Depoimentos

Formatura do curso de Comunicação da Universidade Casper Líbero.

Discurso de Paraninfo da formatura do curso de Comunicação da Universidade Casper Libero, em São Paulo, em 26 de janeiro de 2006.

Como não pertenço ao mundo acadêmico, tomei um susto quando recebi o honroso convite de vocês para ser patrono de sua turma. À surpresa, somou-se uma coincidência da qual me dei logo emocionada conta. Tenho uma filha de 19 anos, Flora, que está no primeiro ano de uma faculdade de Comunicação como a de vocês. Ela está portanto iniciando uma trajetória que vocês hoje encerram, começando algo que vocês estão terminando. Assim, como não conheço as tradições acadêmicas para discursos do tipo deste que lhes devo fazer, resolvi simplesmente reproduzir alguns pontos de minhas conversas com Flora sobre o assunto, uma transcrição aproximada do que costumamos falar entre nós. Além do que eu diria hoje à minha filha, se ela estivesse aqui e fosse uma de vocês.

O mundo em que vivemos hoje se caracteriza pela crescente importância do conhecimento como instrumento de hegemonia de nações e de grupos sociais no interior delas. Cada vez mais, esta é a moeda que compra o poder concentrado, a imposição do modo-de-viver de uns sobre o modo-de-viver de outros. Mas quando este conhecimento é compartilhado, é através dele que se promove uma melhor distribuição da felicidade entre os homens. É a isso que chamamos de Civilização e o instrumento deste compartilhamento é a Comunicação.

Quando, na Europa do Renascimento, a imprensa foi inventada, ela produziu uma potencial redistribuição do conhecimento, antes privilégio de poucos protegidos da Igreja e dos Barões, enfurnados em seus mosteiros e castelos. Novas parcelas da população européia se alfabetizaram rapidamente, estimuladas pela novidade que punha o saber ao alcance de muitos mais, uma revolução material de conseqüências espirituais. Hoje são as novas tecnologias digitais e o avanço da informática que representam esse papel, numa espécie de "alfabetização audiovisual" de multidões, a difusão acelerada de uma nova forma de conhecer o mundo. Quando vocês, muito generosamente, escolheram um cineasta brasileiro como patrono de sua turma, estavam certamente homenageando o papel do cinema nesta revolução do conhecimento, no Brasil e no mundo.

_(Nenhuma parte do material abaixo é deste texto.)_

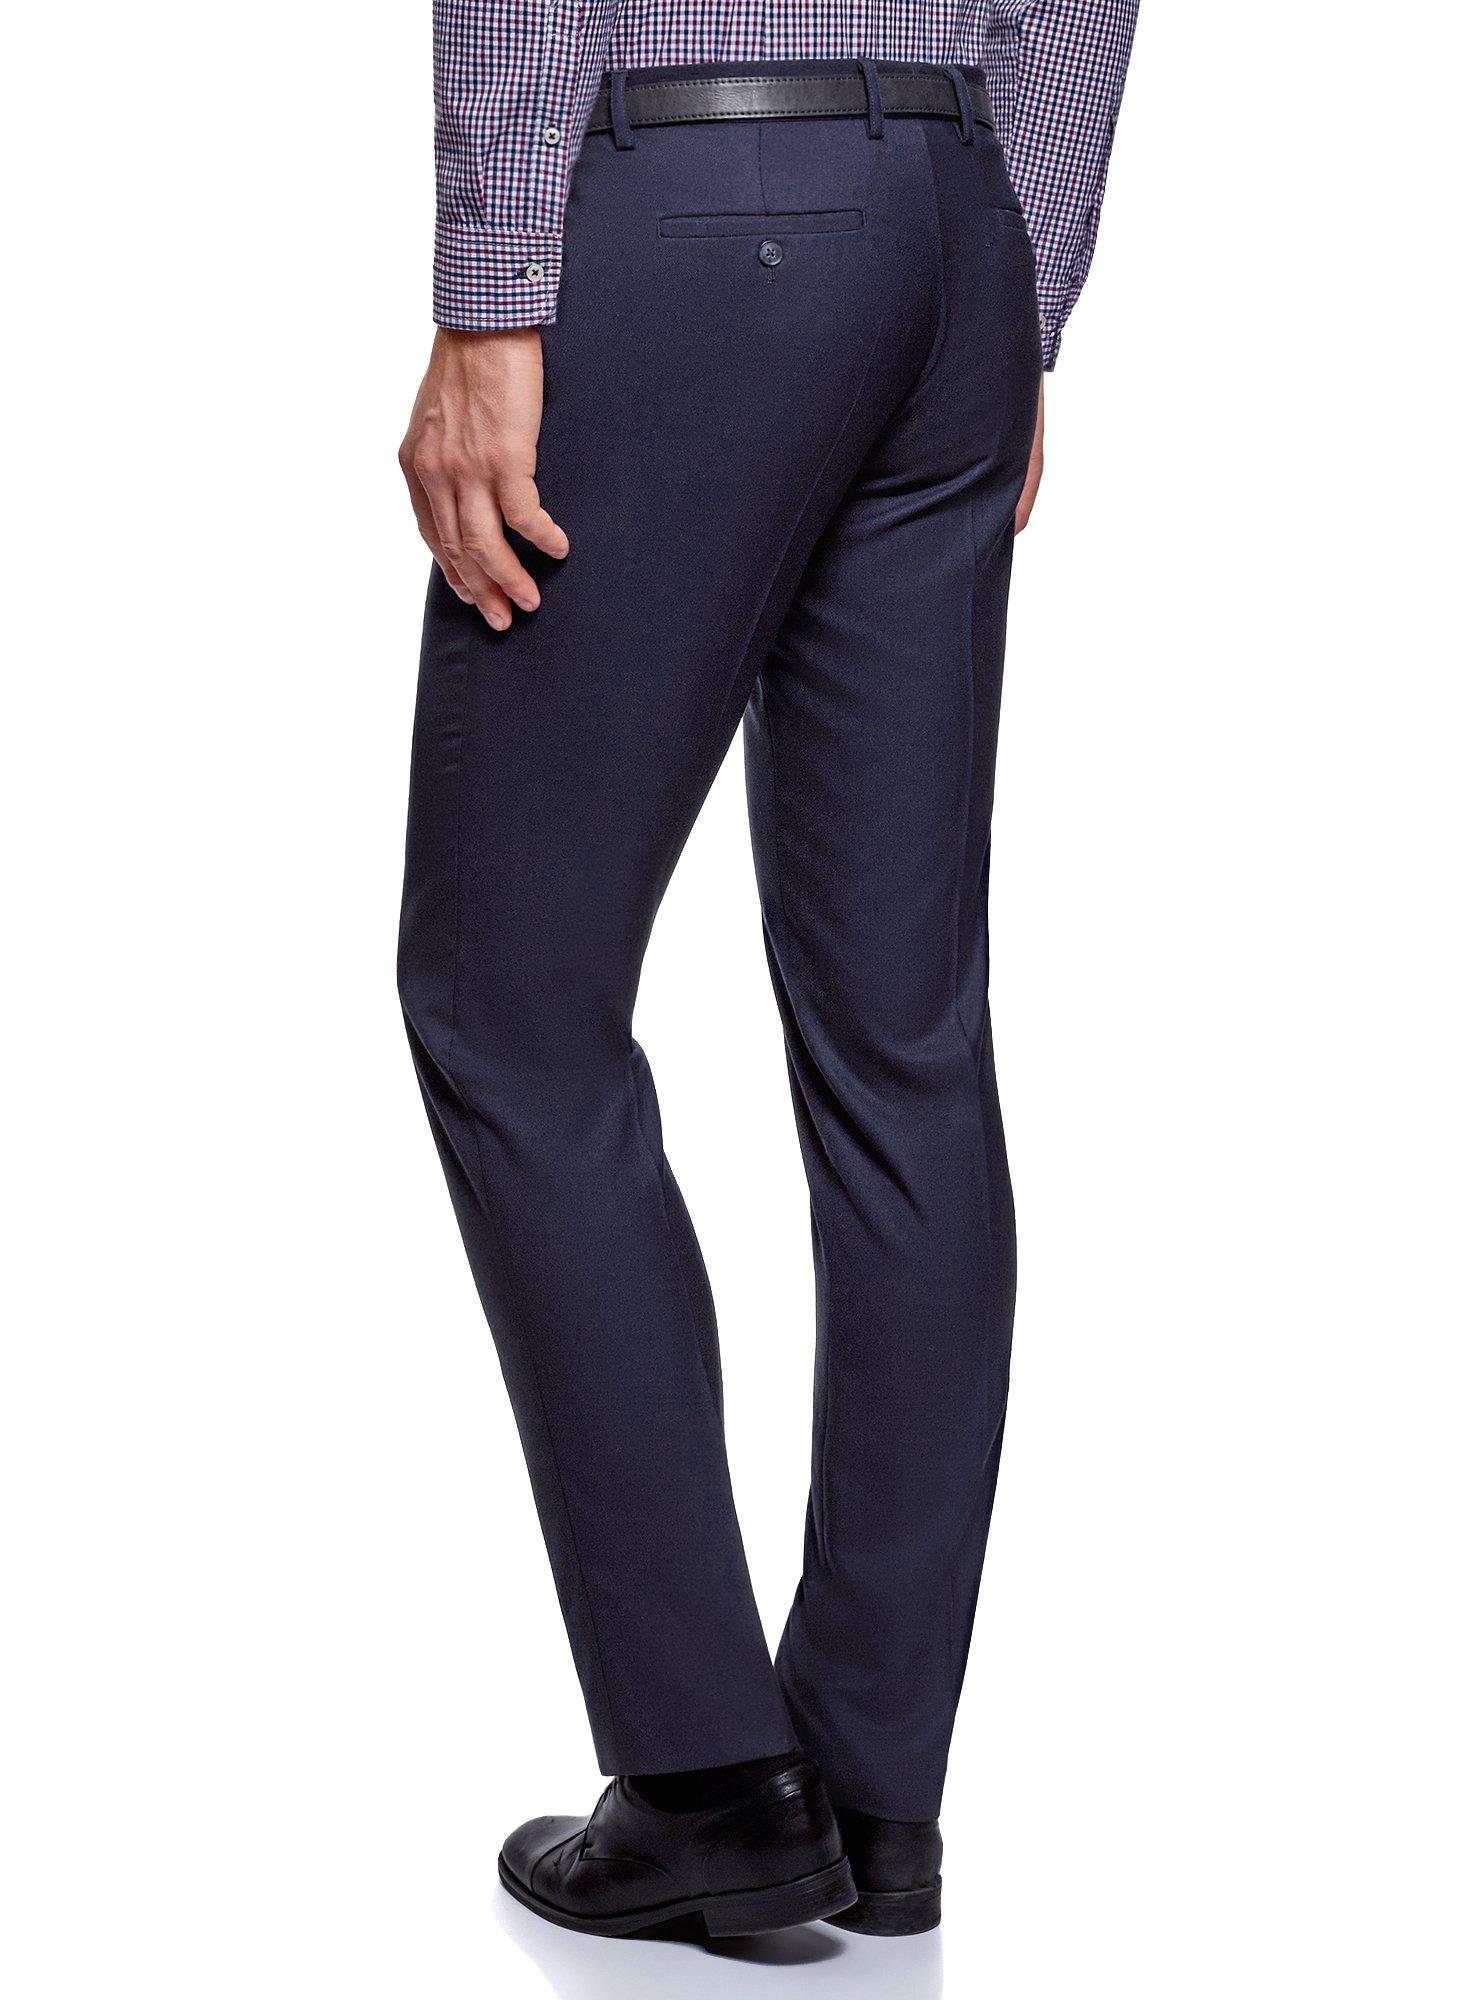 oodji Ultra Men's Basic Slim-Fit Trousers, Blue, US 28 / EU 36 / XS by oodji (Image #2)

Como cineasta, pratico uma forma de produção cultural mais ou menos recente, embora anterior a essa revolução contemporânea. O cinema, inventado em 1895, na virada do século da indústria para o século do espetáculo, uma ferramenta de transição entre um mundo artezanal e um mundo tecnológico, nada mais é do que o avozinho, mais do que centenário, dessa família em que a televisão é a sobrinha mais bem sucedida e sapeca, os videogames um bando de primos meio transviados e a internet a caçula mimada e mais promissora dela.

Esta última inaugura, nesta linha de sucessão audiovisual, um universo novo de comunicação instantânea, sem centro e sem controle, sem destino previsto e sem liderança imposta, distributivo e diverso. Através dela e das conseqüências de sua tecnologia de base, cinema, televisão, publicidade, jornalismo e todas as outras formas de comunicação que a humanidade já tenha inventado, convergem para um mesmo redemoinho centrípeto em que, idealmente, tudo estará ao alcance de todos.

Aliás, segundo o jornalista e pensador Steven Johnson, a internet se estrutura numa forma de auto-organização muito parecida com a do próprio cérebro humano, funcionando mais ou menos dentro do mesmo mecanismo de sinapses.

De qualquer modo, dentro ou fora da internet (esse espaço de conhecimento universal, quase sem limites), a "alfabetização audiovisual" se expande muitas vezes para além das fronteiras da comunicação que está sob permanente vigília dos Estados, de maneira quase incontrolável.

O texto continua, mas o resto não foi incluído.